## Import Data Into Data Frame

In [1]:
import pandas as pd
train_df=pd.read_csv('final_dummies_training.csv',index_col=0)
validate_df=pd.read_csv('final_dummies_evaluation.csv', index_col=0)


In [2]:
X_train=train_df['text']
X_test=validate_df['text']

In [3]:
Y_train=train_df['Label']
Y_test=validate_df['Label']

# Binary Representation:

To create a matrix that uses each word as a feature and keeps track of whether or not a word appears in a review text

In [4]:
from sklearn.feature_extraction.text import CountVectorizer

In [5]:
binary_vectorizer=CountVectorizer(binary=True)
binary_vectorizer.fit(X_train)

CountVectorizer(analyzer='word', binary=True, decode_error='strict',
        dtype=<class 'numpy.int64'>, encoding='utf-8', input='content',
        lowercase=True, max_df=1.0, max_features=None, min_df=1,
        ngram_range=(1, 1), preprocessor=None, stop_words=None,
        strip_accents=None, token_pattern='(?u)\\b\\w\\w+\\b',
        tokenizer=None, vocabulary=None)

In [6]:
X_train_binary = binary_vectorizer.transform(X_train)
X_test_binary = binary_vectorizer.transform(X_test)

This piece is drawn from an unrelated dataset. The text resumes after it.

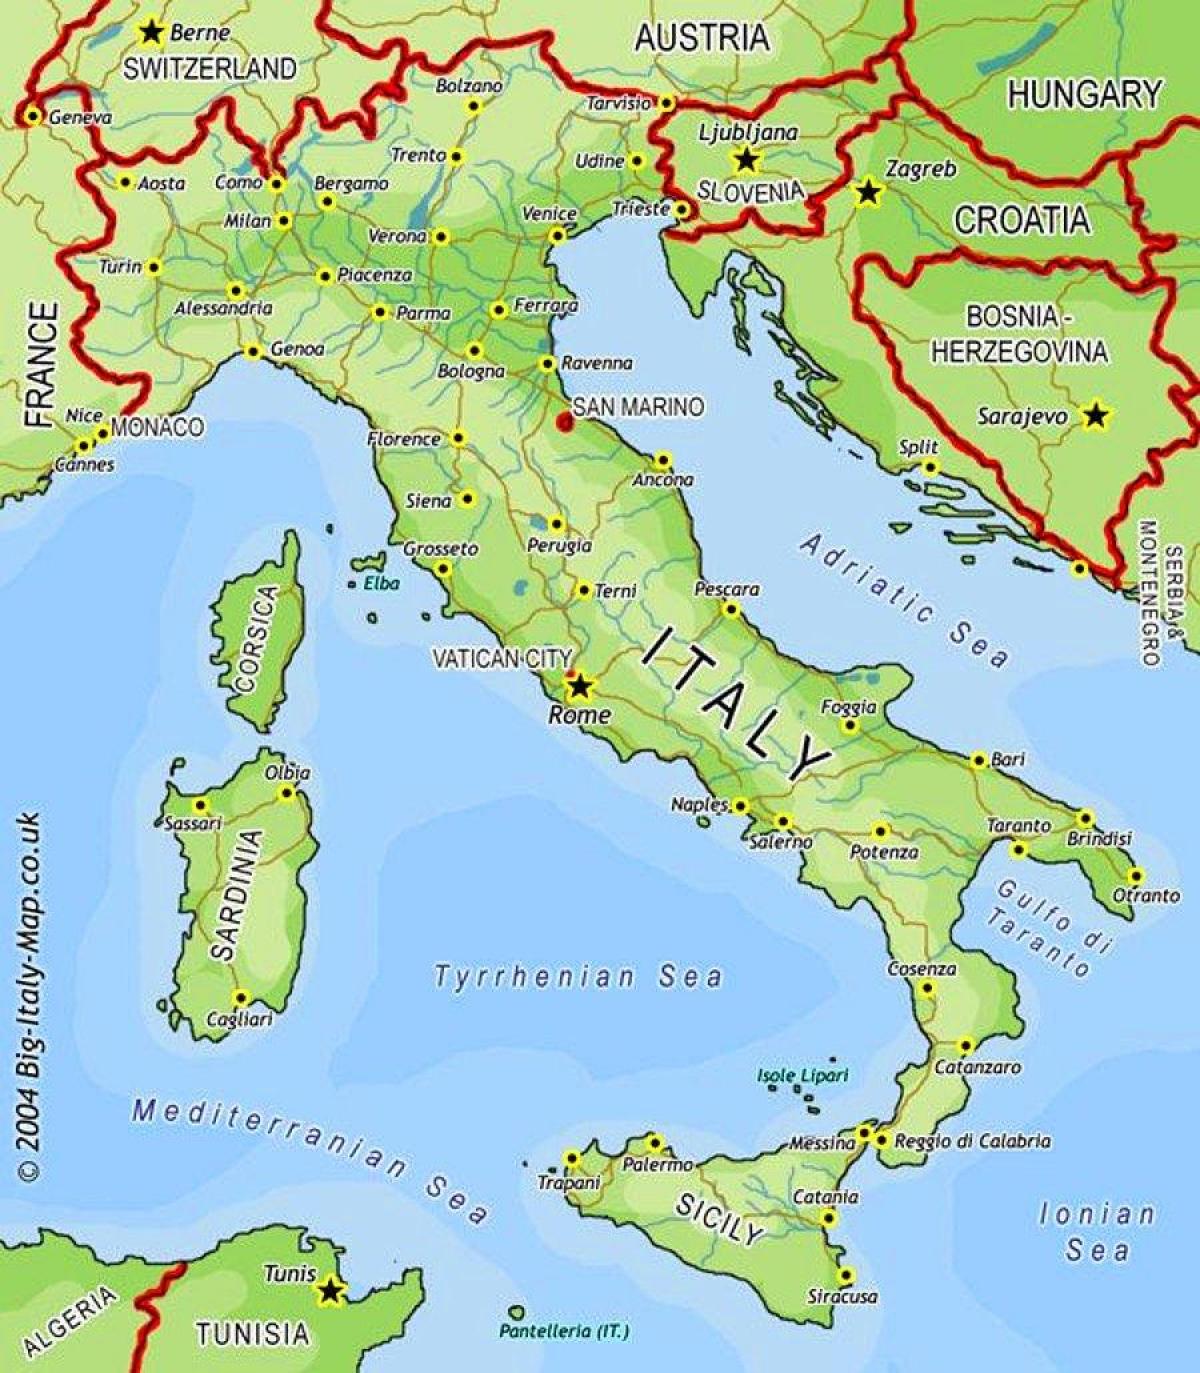 Mappa dell'Italia e dei paesi confinanti

## Logistic Regression Model

In [7]:
from sklearn.linear_model import LogisticRegression
LRmodel=LogisticRegression()
LRmodel.fit(X_train_binary, Y_train)

LogisticRegression(C=1.0, class_weight=None, dual=False, fit_intercept=True,
          intercept_scaling=1, max_iter=100, multi_class='ovr', n_jobs=1,
          penalty='l2', random_state=None, solver='liblinear', tol=0.0001,
          verbose=0, warm_start=False)

In [8]:
from sklearn import metrics
print("Area under the ROC curve on the test data=%.3f"% metrics.roc_auc_score(LRmodel.predict(X_test_binary),Y_test))

Area under the ROC curve on the test data=0.644


## Naive Bayes Model

In [9]:
from sklearn.naive_bayes import BernoulliNB
NBmodel=BernoulliNB()
NBmodel.fit(X_train_binary, Y_train)

BernoulliNB(alpha=1.0, binarize=0.0, class_prior=None, fit_prior=True)

In [10]:
print("Area under the ROC curve on the test data=%.3f"% metrics.roc_auc_score(NBmodel.predict(X_test_binary),Y_test))

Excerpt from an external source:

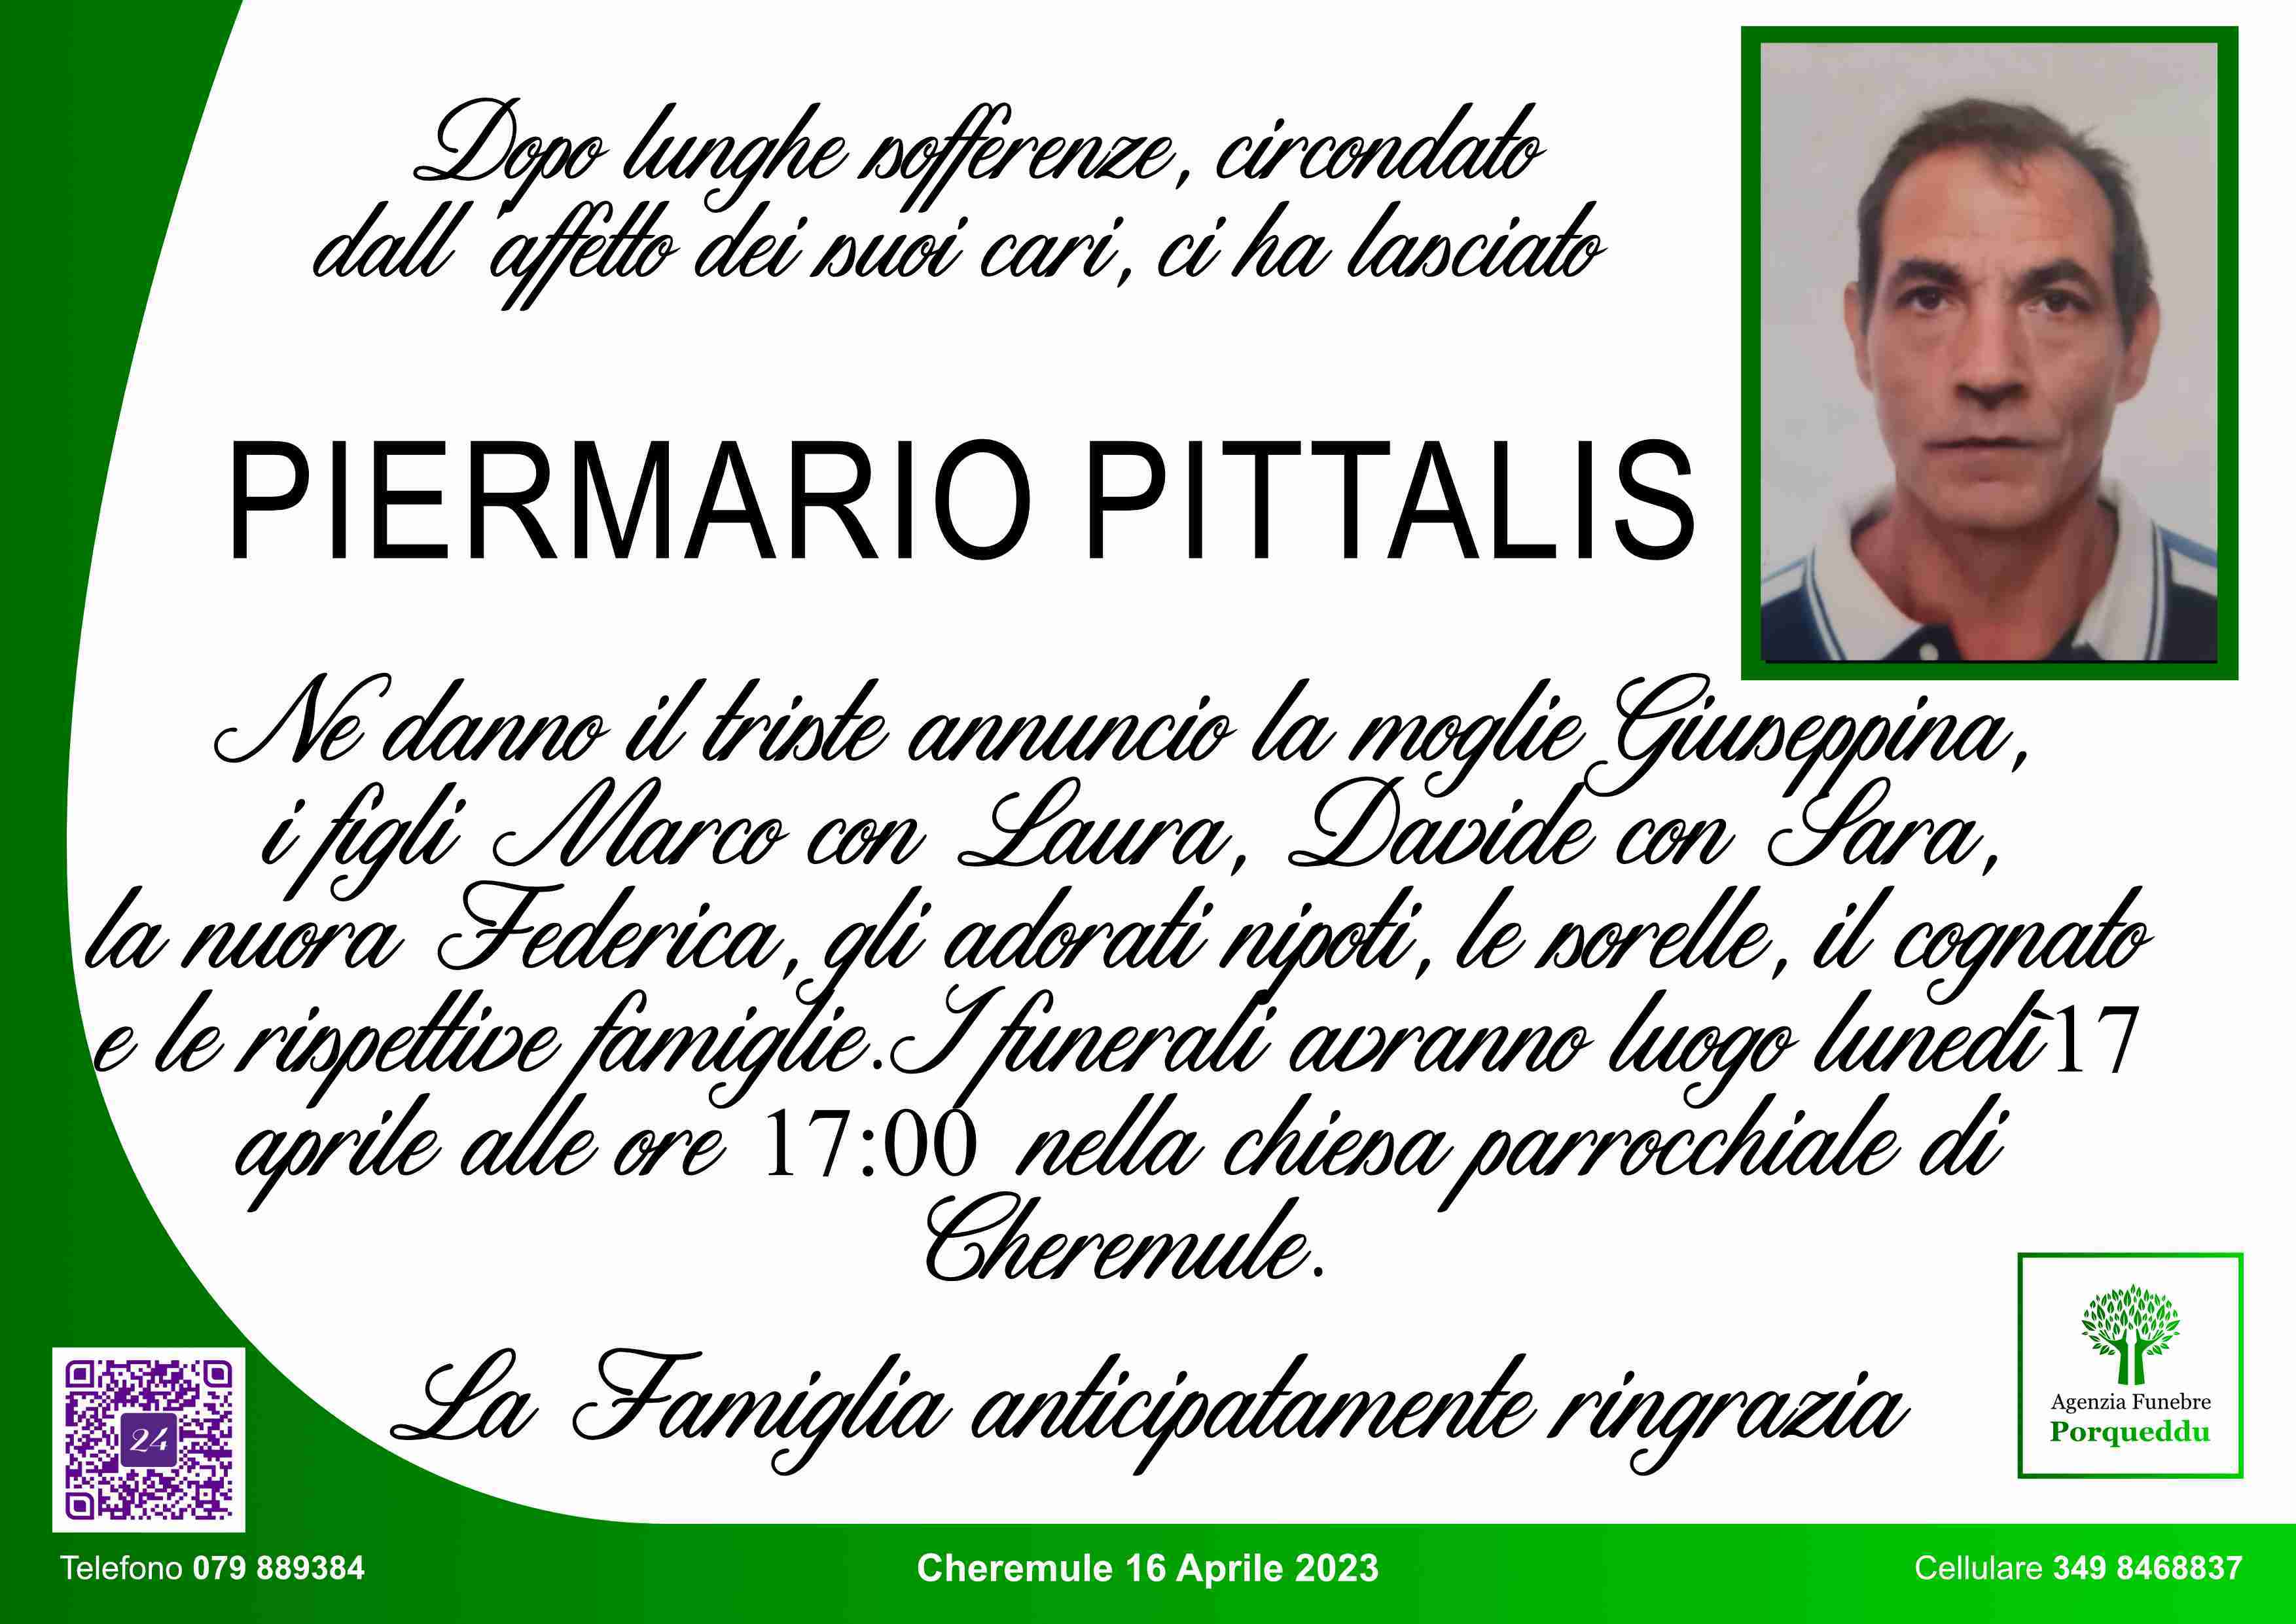 Piermario Pittalis

Area under the ROC curve on the test data=0.640


# Count Representation:

In [11]:
count_vectorizer=CountVectorizer()
count_vectorizer.fit(X_train)

CountVectorizer(analyzer='word', binary=False, decode_error='strict',
        dtype=<class 'numpy.int64'>, encoding='utf-8', input='content',
        lowercase=True, max_df=1.0, max_features=None, min_df=1,
        ngram_range=(1, 1), preprocessor=None, stop_words=None,
        strip_accents=None, token_pattern='(?u)\\b\\w\\w+\\b',
        tokenizer=None, vocabulary=None)

In [12]:
X_train_count = count_vectorizer.transform(X_train)
X_test_count = count_vectorizer.transform(X_test)

## Logistic Regression

In [13]:
LRmodel_count=LogisticRegression()
LRmodel_count.fit(X_train_count, Y_train)

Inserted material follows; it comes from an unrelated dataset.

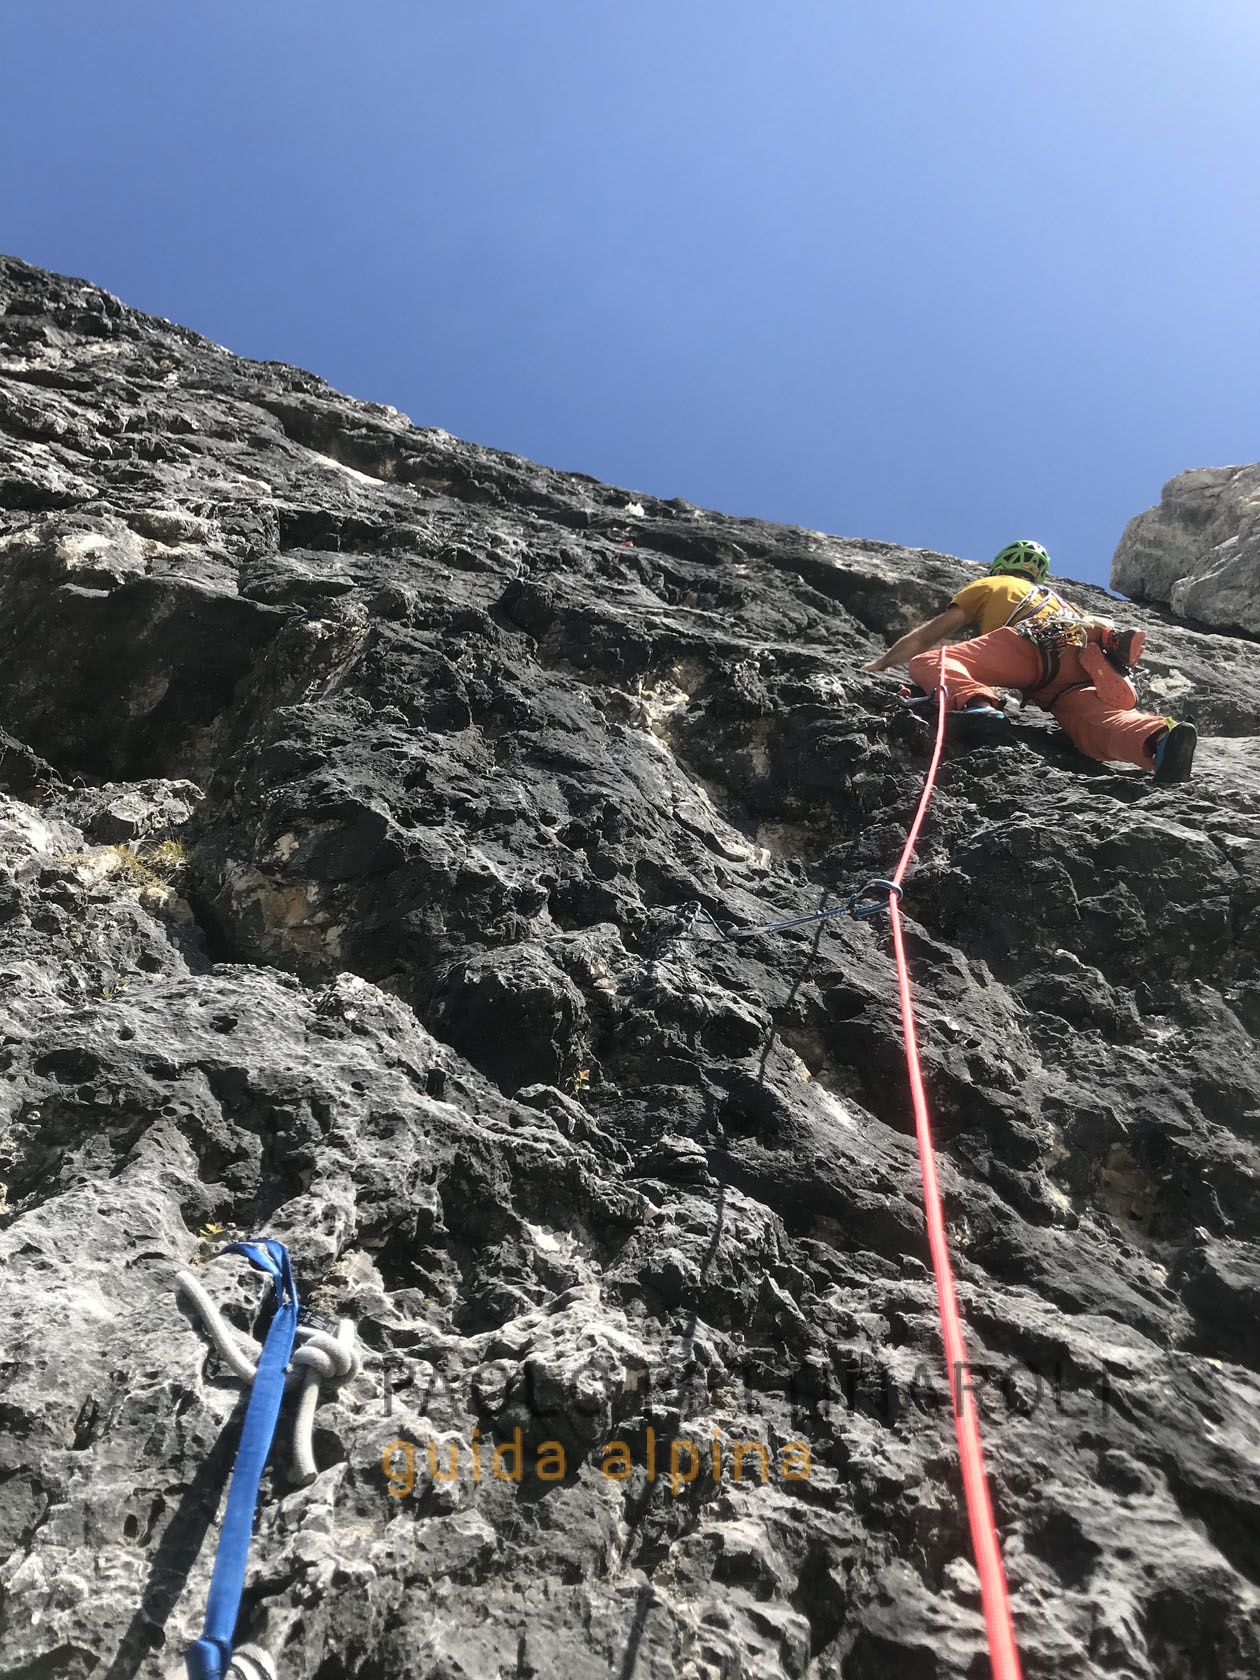 dolomiti - 4 di 6-arrampicata_paolo pettinaroli guida alpina

LogisticRegression(C=1.0, class_weight=None, dual=False, fit_intercept=True,
          intercept_scaling=1, max_iter=100, multi_class='ovr', n_jobs=1,
          penalty='l2', random_state=None, solver='liblinear', tol=0.0001,
          verbose=0, warm_start=False)

In [14]:
print("Area under the ROC curve on the test data=%.3f"% metrics.roc_auc_score(LRmodel_count.predict(X_test_count),Y_test))

Area under the ROC curve on the test data=0.655


## Naive Bayes

In [15]:
from sklearn.naive_bayes import MultinomialNB
NBmodel_count=MultinomialNB()
NBmodel_count.fit(X_train_count, Y_train)

MultinomialNB(alpha=1.0, class_prior=None, fit_prior=True)

In [16]:
print("Area under the ROC curve on the test data=%.3f"% metrics.roc_auc_score(NBmodel_count.predict(X_test_count),Y_test))

Area under the ROC curve on the test data=0.629


# TF-idf Representation:


In [17]:
from sklearn.feature_extraction.text import TfidfVectorizer

In [18]:
tfidf_vectorizer=TfidfVectorizer()
tfidf_vectorizer.fit(X_train)

TfidfVectorizer(analyzer='word', binary=False, decode_error='strict',
        dtype=<class 'numpy.int64'>, encoding='utf-8', input='content',
        lowercase=True, max_df=1.0, max_features=None, min_df=1,
        ngram_range=(1, 1), norm='l2', preprocessor=None, smooth_idf=True,
        stop_words=None, strip_accents=None, sublinear_tf=False,
        token_pattern='(?u)\\b\\w\\w+\\b', tokenizer=None, use_idf=True,
        vocabulary=None)

In [19]:
X_train_tfidf = tfidf_vectorizer.transform(X_train)
X_test_tfidf = tfidf_vectorizer.transform(X_test)

## Logistic Regression

In [20]:
LRmodel_tfidf=LogisticRegression()
LRmodel_tfidf.fit(X_train_tfidf, Y_train)

LogisticRegression(C=1.0, class_weight=None, dual=False, fit_intercept=True,
          intercept_scaling=1, max_iter=100, multi_class='ovr', n_jobs=1,
          penalty='l2', random_state=None, solver='liblinear', tol=0.0001,
          verbose=0, warm_start=False)

In [21]:
print("Area under the ROC curve on the test data=%.3f"% metrics.roc_auc_score(LRmodel_tfidf.predict(X_test_tfidf),Y_test))

Area under the ROC curve on the test data=0.651


## Naive Bayes

In [22]:
NBmodel_tfidf=BernoulliNB()
NBmodel_tfidf.fit(X_train_tfidf, Y_train)

BernoulliNB(alpha=1.0, binarize=0.0, class_prior=None, fit_prior=True)

In [23]:
print("Area under the ROC curve on the test data=%.3f"% metrics.roc_auc_score(NBmodel_tfidf.predict(X_test_tfidf),Y_test))

Area under the ROC curve on the test data=0.640